Oleh karena itu, buanglah fikiran benar salah dalam taktik ini. Yang terpenting menulislah selagi mampu, dan alirkanlah selagi menulis. Perkara nanti tulisan kita benar ataupun salah secara tata bahasa sampai kontekstualitas, cukup kita skip dulu ajaran semacam itu.
Eat-Write-Repeat
Bahasa gampang dari teknik menulis eat-write-repeat ialah ngemil sembari melaksanakan teknik menulis buku. Mungkin banyak dari kita yang tidak yakin menulis sembari ngemil tidak akan kuat banyak. Jangan salah! Justru dengan ngemil kita dapat menerima wangsit baru. Ada ungkapan terkenal dikalangan muda yang berbunyi “you are what you eat” (Anda adalah apa yang Anda makan). Maksudnya, hal-hal apa yang ada dalam diri kita dipengaruhi oleh apa yang kita makan. Tidak terkecuali ilham menulis. Jika masih tidak percaya, cobalah Anda menulis sesuatu sehabis mengkonsumsi kuliner yang paling Anda tidak sukai, dan beritahu karenanya.
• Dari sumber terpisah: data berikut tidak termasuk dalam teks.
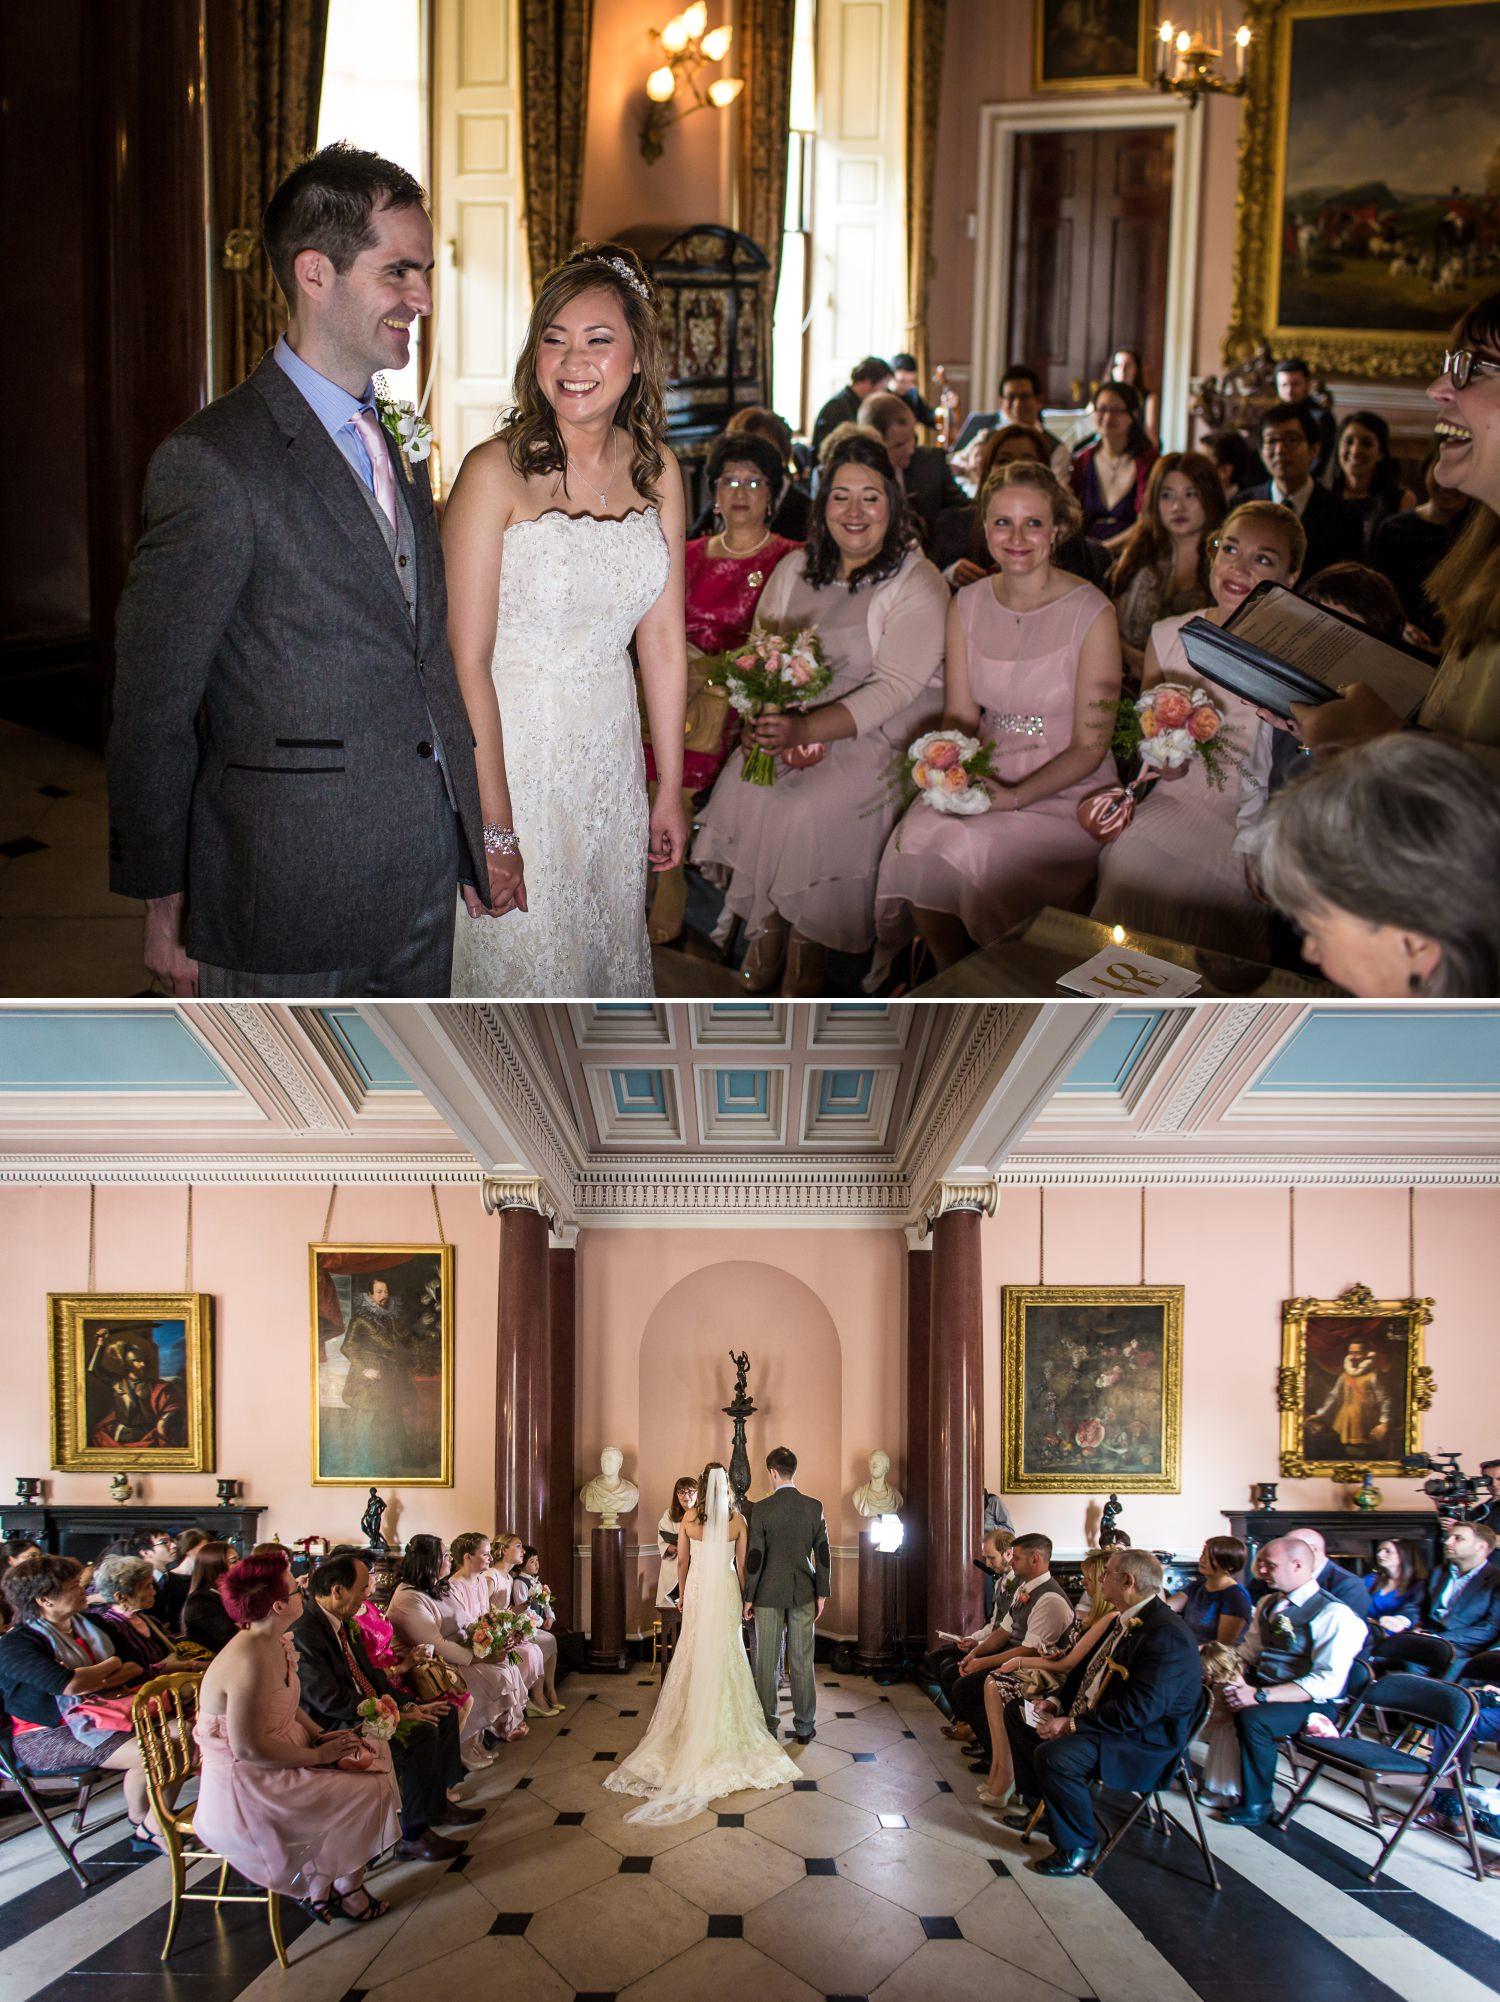 Wedding Photograph of wedding ceremony in Tatton Park

Berdasarkan dari hal itu, sekarang cobalah untuk menulis sembari ngemil. Belilah cemilan yang sekiranya yummy lalu mulailah teknik menulis. Misalkan Anda suka kripiki kentang rasa balado, cobalah nikmati secara perlahan apa yang anda rasa sembari berpikir ihwal ilham untuk tulisan Anda. Seringkali, ada satu masakan yang kita tak tega unutk menghabiskannya dengan cepat, kita memakannya secara perlahan. Sebenarnya cara ini juga mampu menjadi mood booster untuk penulis semoga dapat memaksimalkan mood menjadi on the mood. Setali tiga uang, kita mampu melaksanakan dua bahkan tiga taktik sekaligus secara otomatis, dengan menulis sembari ngemil.
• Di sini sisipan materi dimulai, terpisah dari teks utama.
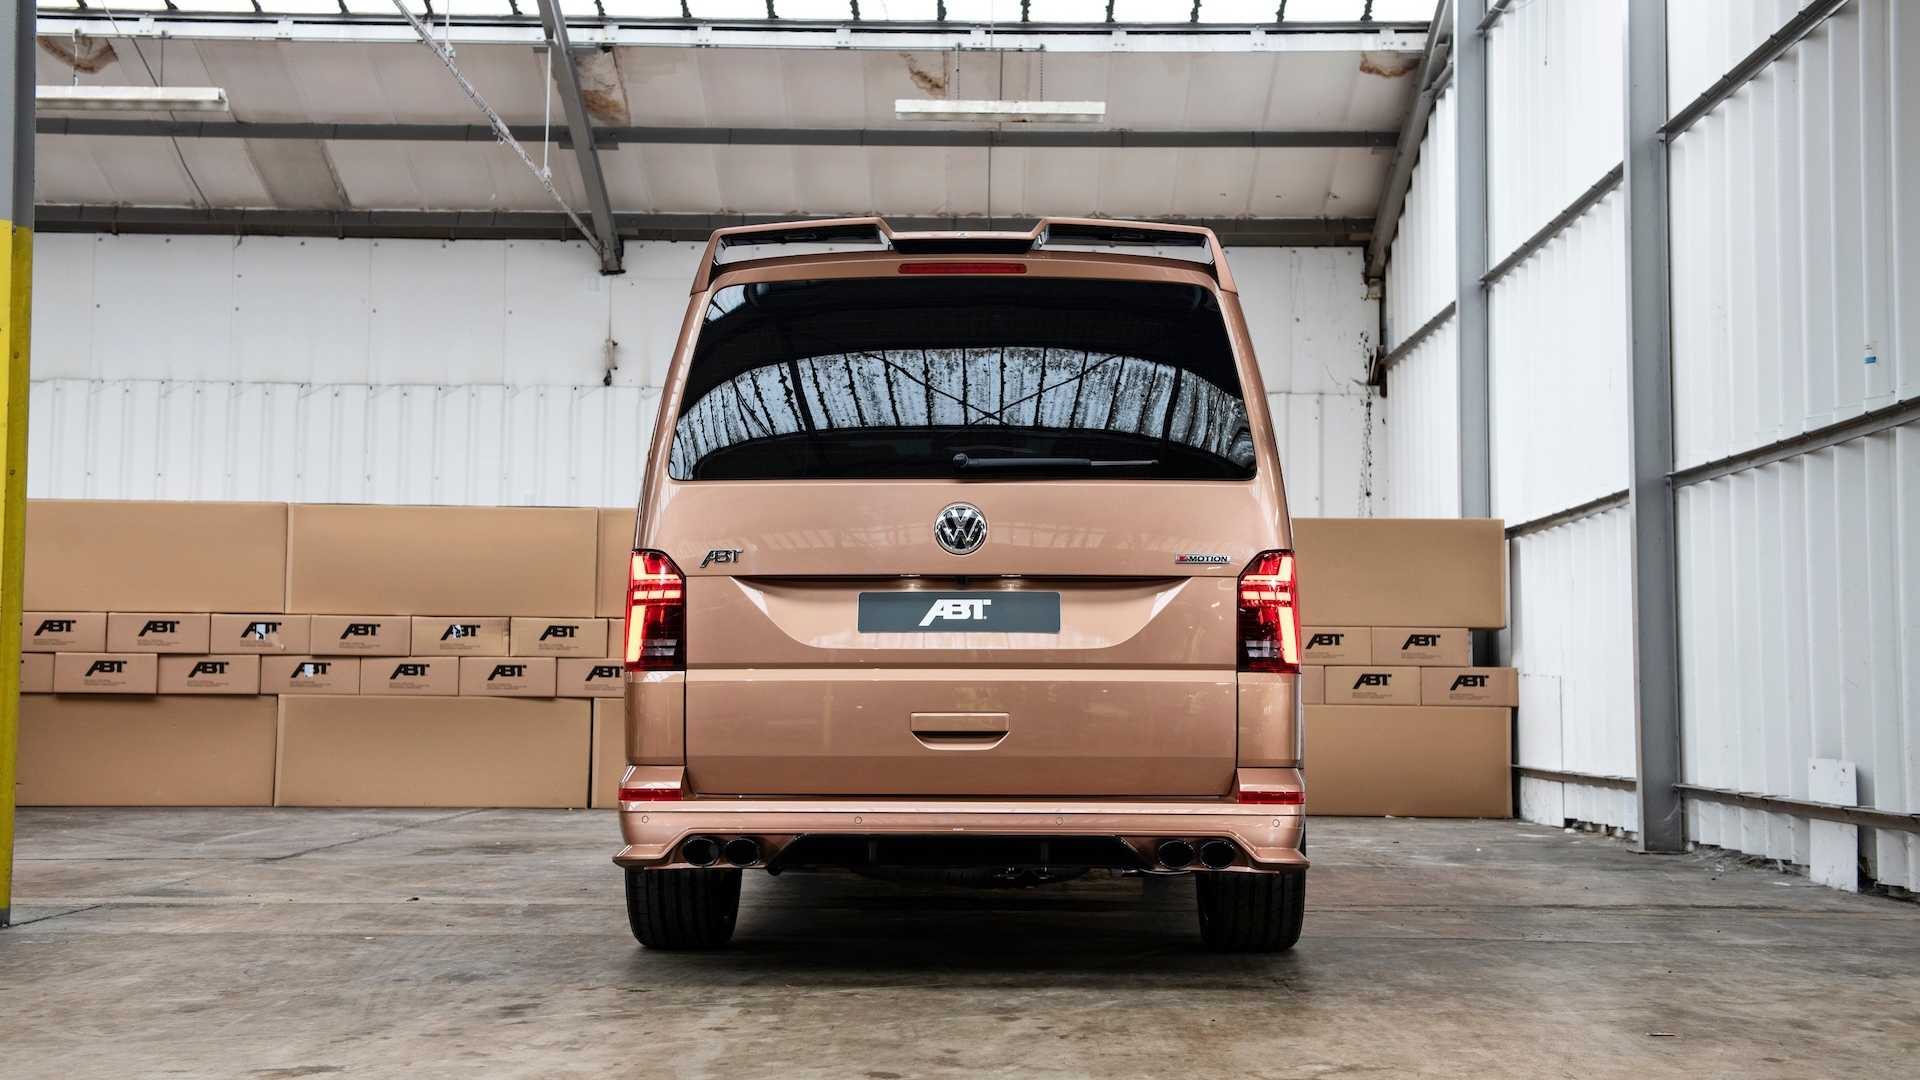 VW-Transporter-by-ABT-10

Tiga seni manajemen melaksanakan teknik menulis buku yang sudah diterangkan adalah cara paling mudah dan menggembirakan dalam melakukan teknik menulis buku. Terutama dalam mengawali proses menulis, kita tidak butuhterpaku dengan hal-hal yang memberatkan fikiran kita dulu. Cukup awali dengan sesuatu yang mengasyikkan untuk memulai hal besar. Semoga berguna dan selamat menulis!
[Mas Aji Gustiawan]
Referensi:
Ahmadi, Anas. 2015. Psikologi Menulis. Yogyakarta: Penerbit Ombak
Anda punya RENCANA MENULIS BUKU
atau NASKAH SIAP CETAK?
Silakan daftarkan diri Anda selaku penulis di penerbit buku kami.
Anda juga mampu KONSULTASI dengan Customer Care yang siap menolong Anda hingga buku Anda diterbitkan.
Anda TAK PERLU RAGU untuk segera MENDAFTAR.